Microsoft’s PC utility

Microsoft is today announcing a utility-like computing service for PCs, called FlexGo, aimed at providing poor people with a low-cost means of getting a computer. The service essentially applies the model of pay-as-you-go mobile phone service to the personal computer. A service provider, such as a retailer or a telephone company or even a bank, offers customers a PC for free or at a sharp discount and then charges a fee based on the customer’s actual usage, either through monthly billings or prepaid cards. The idea is to provide people who lack cash and credit a new way to get a PC, PC software, and internet service. As Slashdot notes, it’s a kind of time-sharing system applied to personal computing. It’s not a new idea – companies like SimDesk have been offering a similar model for some time – but it should get a significant boost with Microsoft’s power behind it.

This is, of course, Microsoft’s counterstrike against efforts, such as the $100 PC developed by MIT and supported by Google, to supply cheap computing through specialized, low-cost PCs that run open source software. The advantage of the FlexGo program is that it gives people access to the broad range of Windows-compatible software that already exists. As Tim Bajarin says in a Mercury News piece, “even in poor villages, the kids know the difference between a machine that will get them Internet access and a true PC that they can play games on.” The contest between the two very different models should be an interesting one.

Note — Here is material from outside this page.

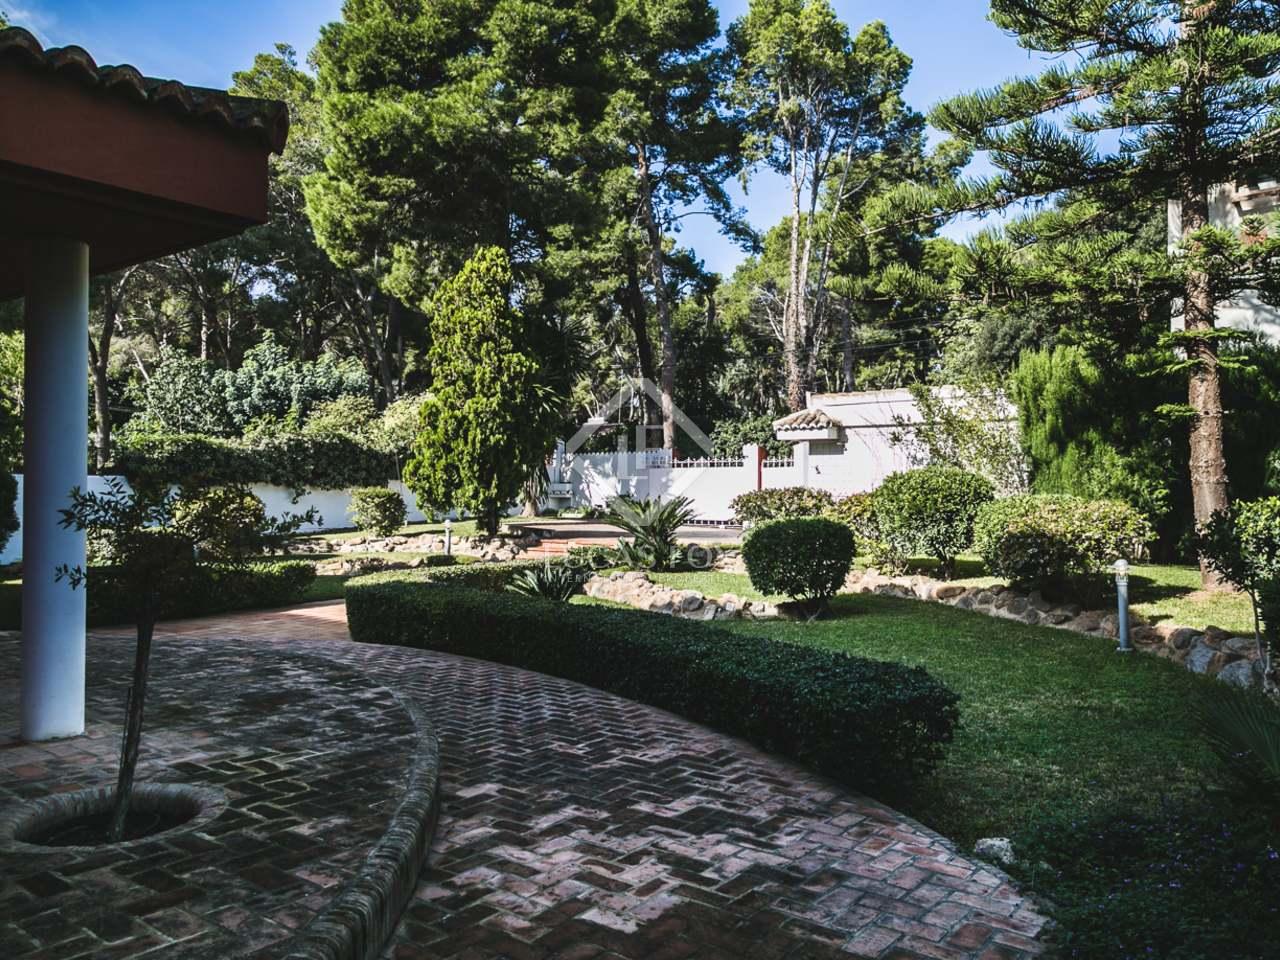 Villa con piscina en venta en campolivar valencia for Piscina jardin valencia

4 thoughts on “Microsoft’s PC utility

  1. photoncourier.blogspot.com

    “a kind of time-sharing system applied to personal computing”…doesn’t sound like it–from the info supplied, it appears this is all about pay-as-you-go billing, not about utility computing in the sense of centralized resources serving multiple users.

  2. Nick Carr

    Yes, you’re right. It has a utility pricing model (metered usage, tracked centrally) but not a utility provisioning model (centralized resources). An important distinction. Thanks.

  3. vinnie mirchandani

    Amazon recently rolled out a storage utility at 15c a a month for a gig

    like with SaaS incumbents will be the last to offer the service – in this case, where are the IBM’s HP’s?

  4. Sam Hiser

    As Tim Bajarin says in a Mercury News piece, “even in poor villages, the kids know the difference between a machine that will get them Internet access and a true PC that they can play games on.”

    Hogwash, from Bill Gates’ own disinformation office.

    This is more Microsoft throwing spaghetti at the wall.

    Anyone who has digested olpc’s objectives understands that it is an education project. These kids will be writing their own games. And then stealing jobs from Tim Bajarin’s fat, complacent children.